County in North Dakota, United States

Dunn County is a county in the U.S. state of North Dakota. As of the 2020 census, the population was 4,095, and was estimated to be 4,058 in 2025. The county seat is Manning and the largest city is Killdeer.

==History==
On March 9, 1883, the Dakota Territory legislature authorized the creation of a new county, using territory partitioned from Howard County (which is now extinct). The county organization was not affected at that time, but the county was not attached to another county for judicial purposes.

The county boundaries were altered in 1883, and on November 3, 1896, the legislature ordered Dunn dissolved, with its territory assigned to Stark County. However, the state supreme court overturned the legislature's act on May 24, 1901; in effect re-creating Dunn County. The county was still not assigned to another county. This was resolved on March 10, 1903, when the county was assigned to Stark County for judicial purposes.

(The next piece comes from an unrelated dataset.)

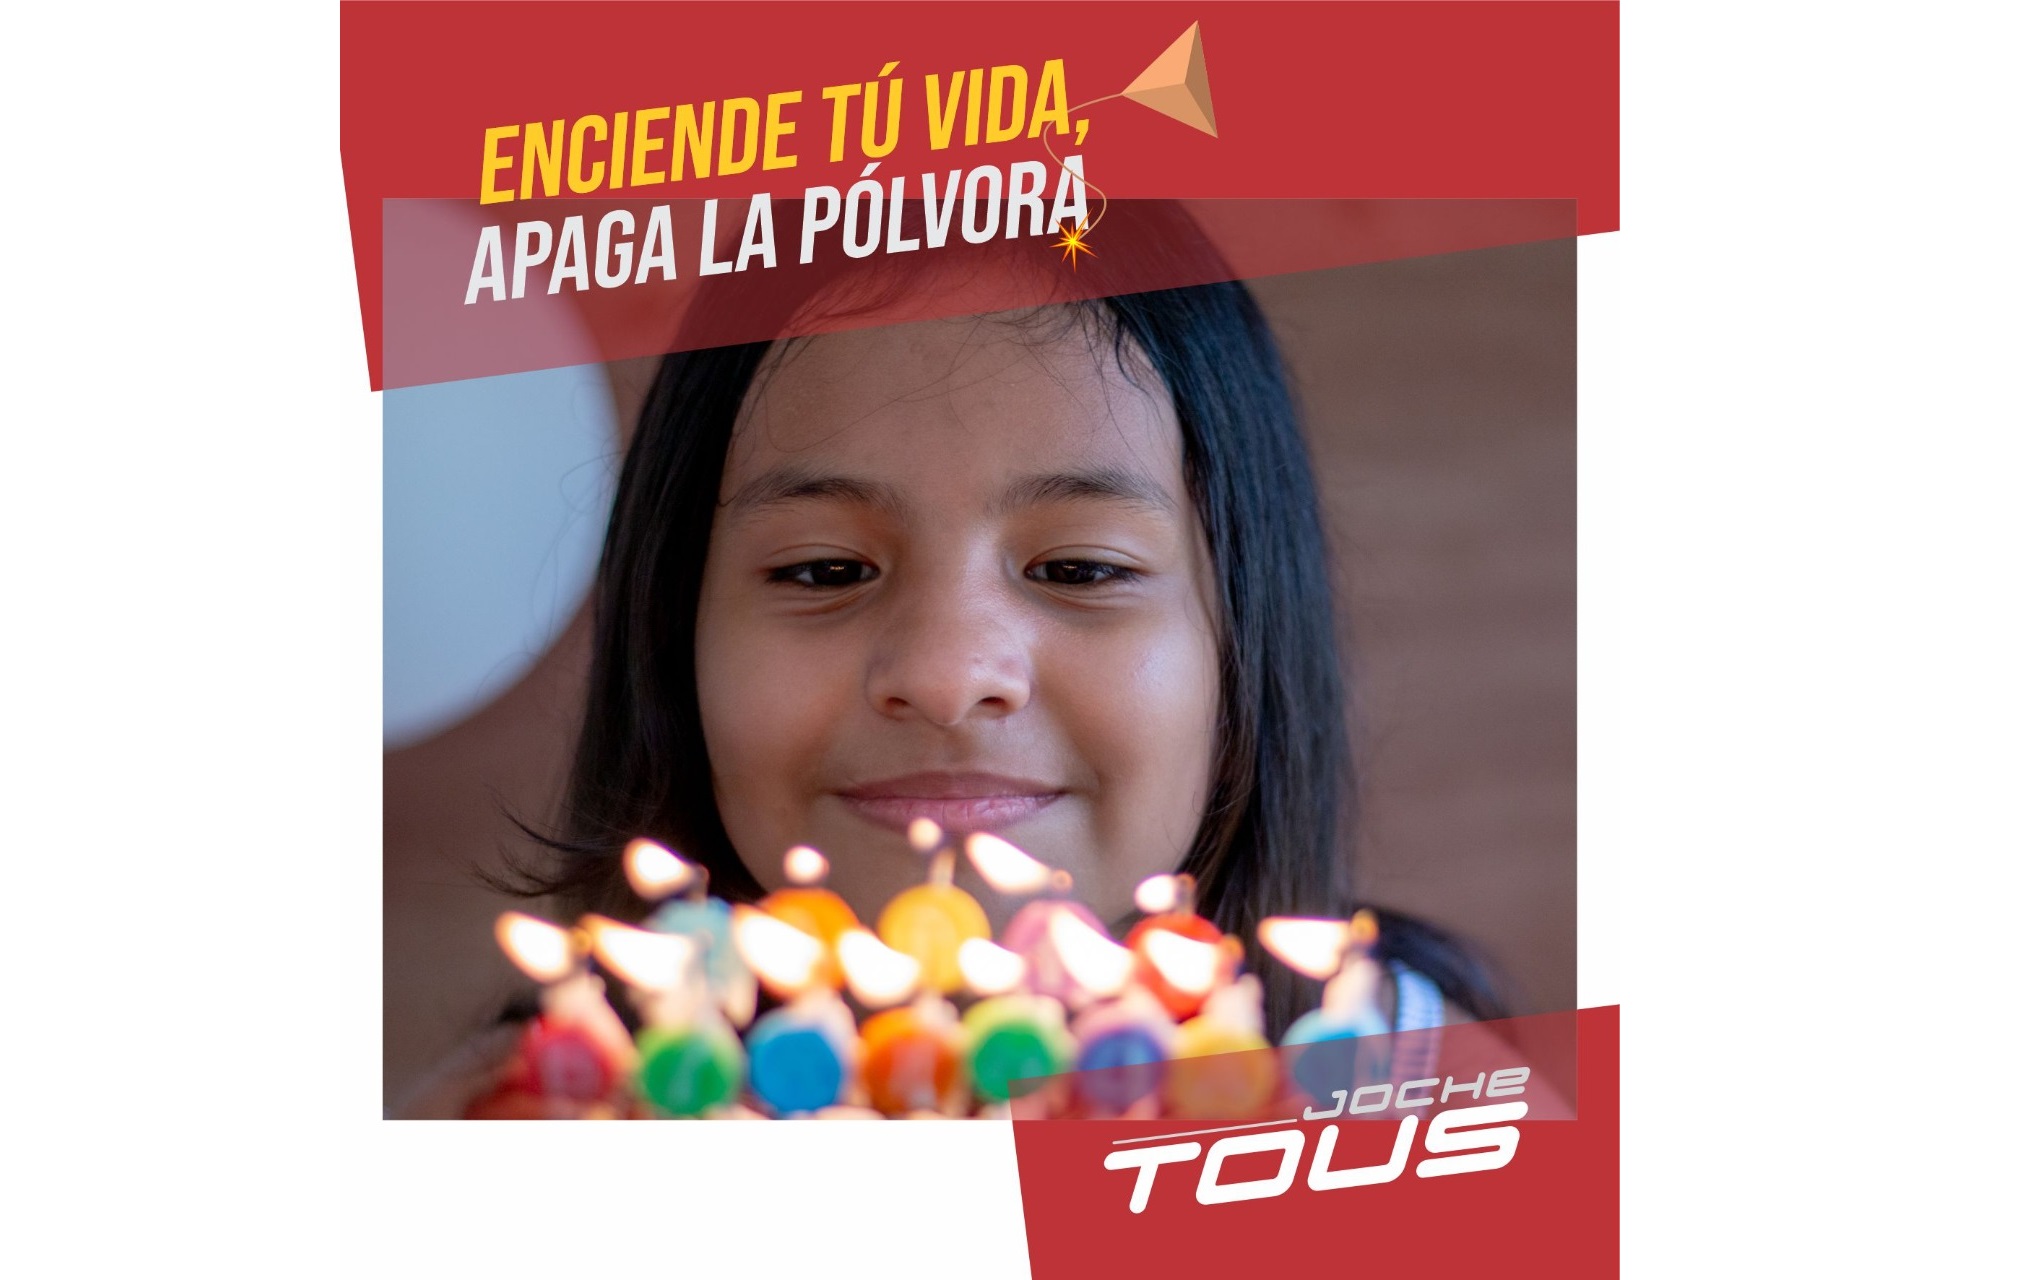 Joche Tous lanza campaña para evitar niños quemados con pólvora
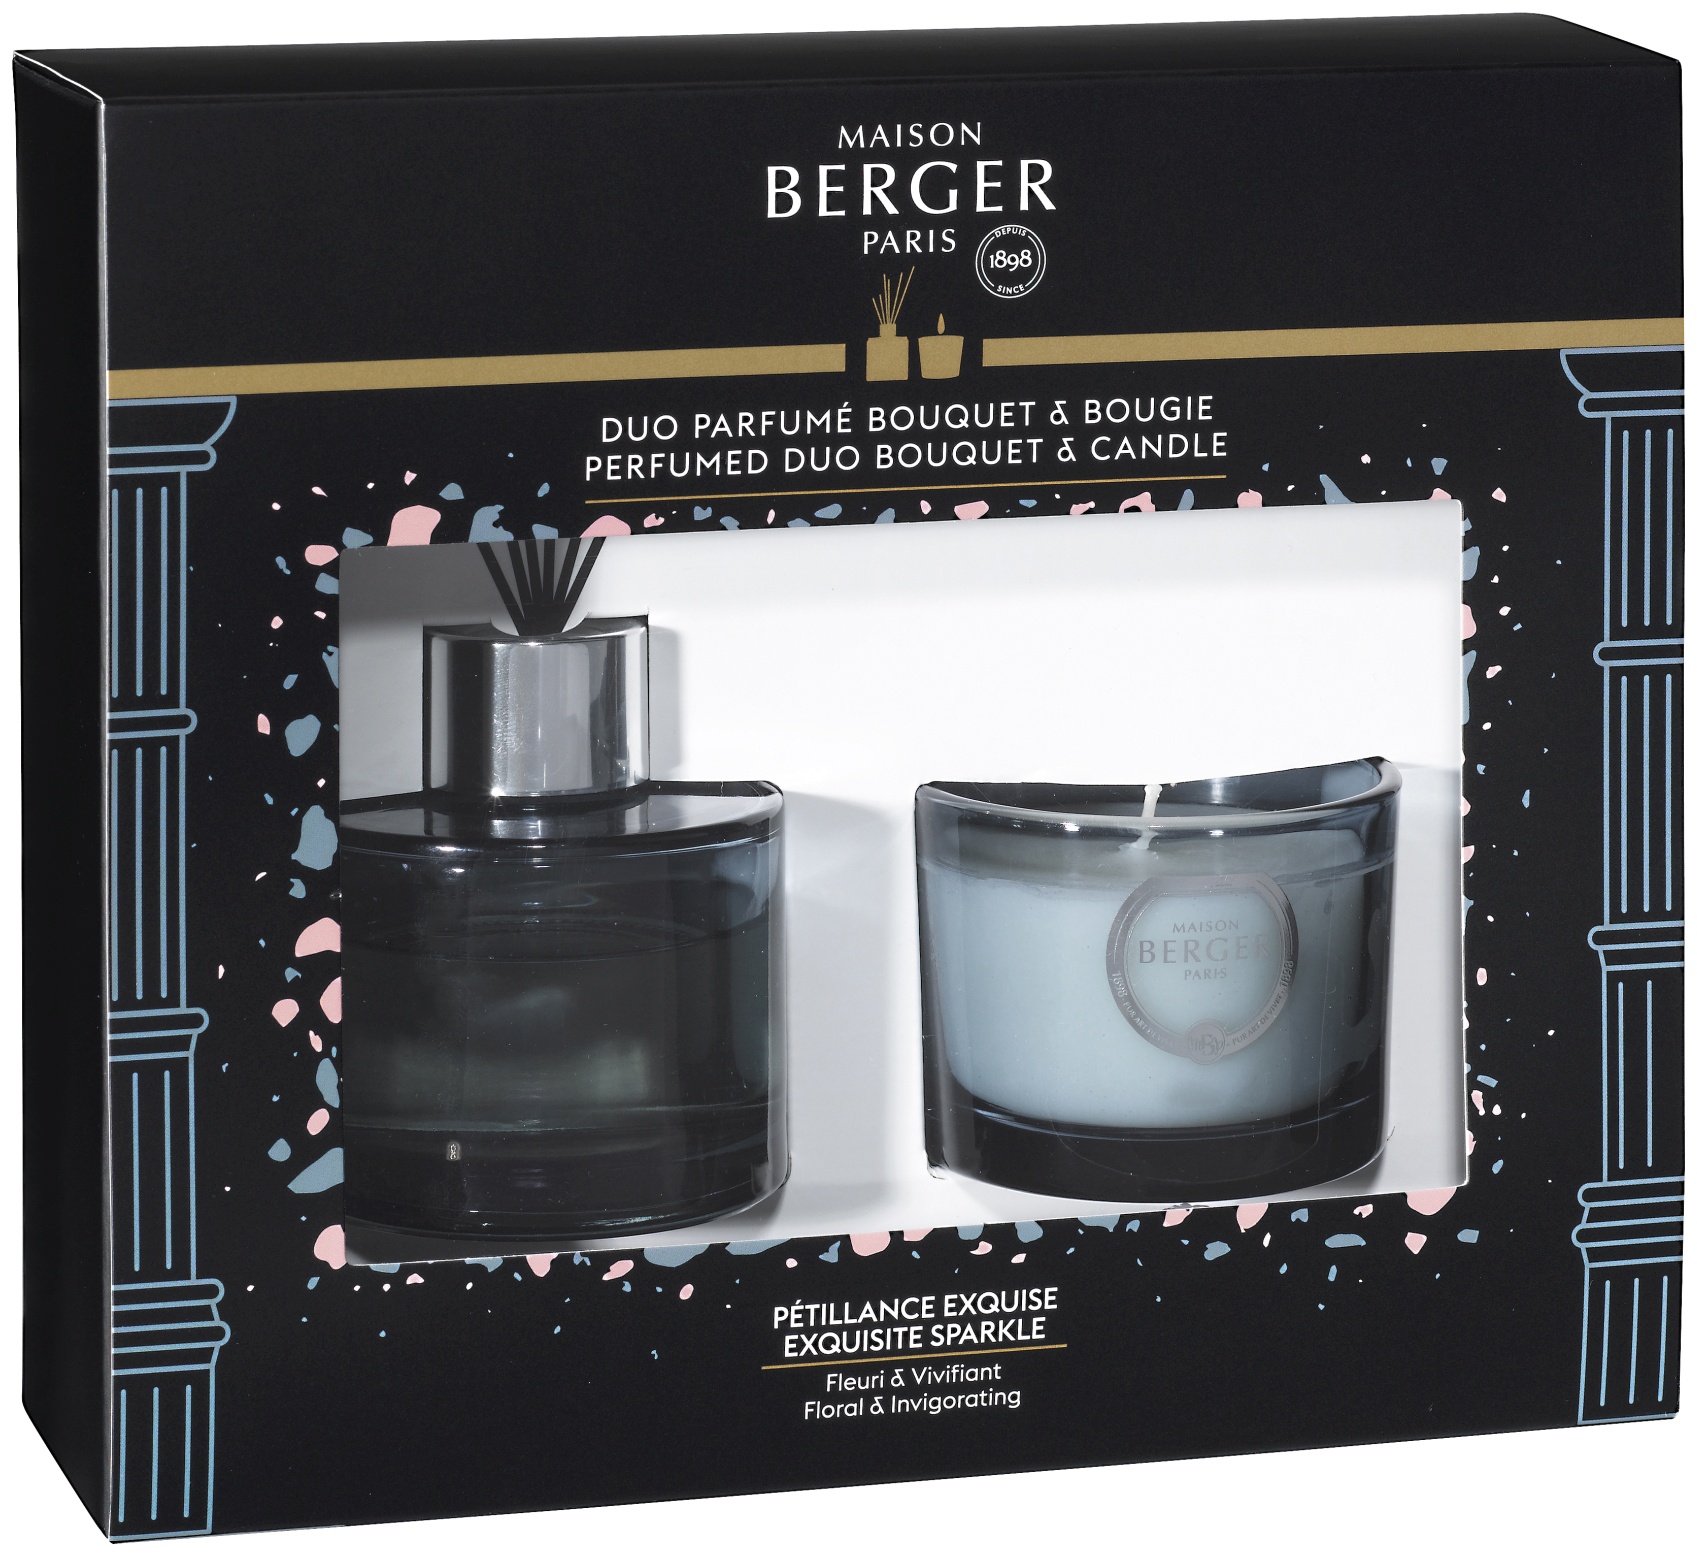 Set Berger mini Duo Olympe cu difuzor parfum 80ml + lumanare parfumata 80g Exquisite Sparkle 80g pret redus

On March 13, 1903, the legislature again voted to dissolve Dunn County, but again (during the 1905 session) the state supreme court voided the act. Dunn County continued to be attached to Stark County. However, on January 18, 1908, the county organization was affected, and Dunn became a standalone county. In the process, Dunn gained a tract of previously unattached land from Stark County, enlarging its boundary. The configuration thus created has remained to the present. The county was named for John Piatt Dunn, who opened the first drugstore in North Dakota, and who was a civic and commercial leader during the early history of Bismarck.

==Geography==
The Missouri River flows southeasterly along the northeastern boundary of Dunn County, and the Little Missouri River flows eastward across the center part of the county, to its confluence with the Missouri in the northeastern part of the county. The county terrain consists of semi-arid rolling hills, which are etched in the north and east by gullies and drainages to the river valleys. The terrain slopes to the east and north; its highest point is a hill at the southwestern corner, at 2,625 ft ASL.

According to the United States Census Bureau, the county has a total area of 2082.056 sqmi, of which 2008.492 sqmi is land and 73.564 sqmi (3.53%) is water. It is the 6th largest county in North Dakota by total area.

Dunn County is somewhat unusual among western North Dakota counties. Like other counties in the region, it has both prairie and badlands areas. Located in the northwest part of the county are the Killdeer Mountains, which are more accurately described as hills. These hills help create a mini-ecosystem on the southern edge of the Little Missouri badlands, which has a greater abundance of aspen forests and wildlife than is typically found in southwestern North Dakota. The Killdeer Mountains' highest point, and the highest point in Dunn County, is 3281 feet above sea level.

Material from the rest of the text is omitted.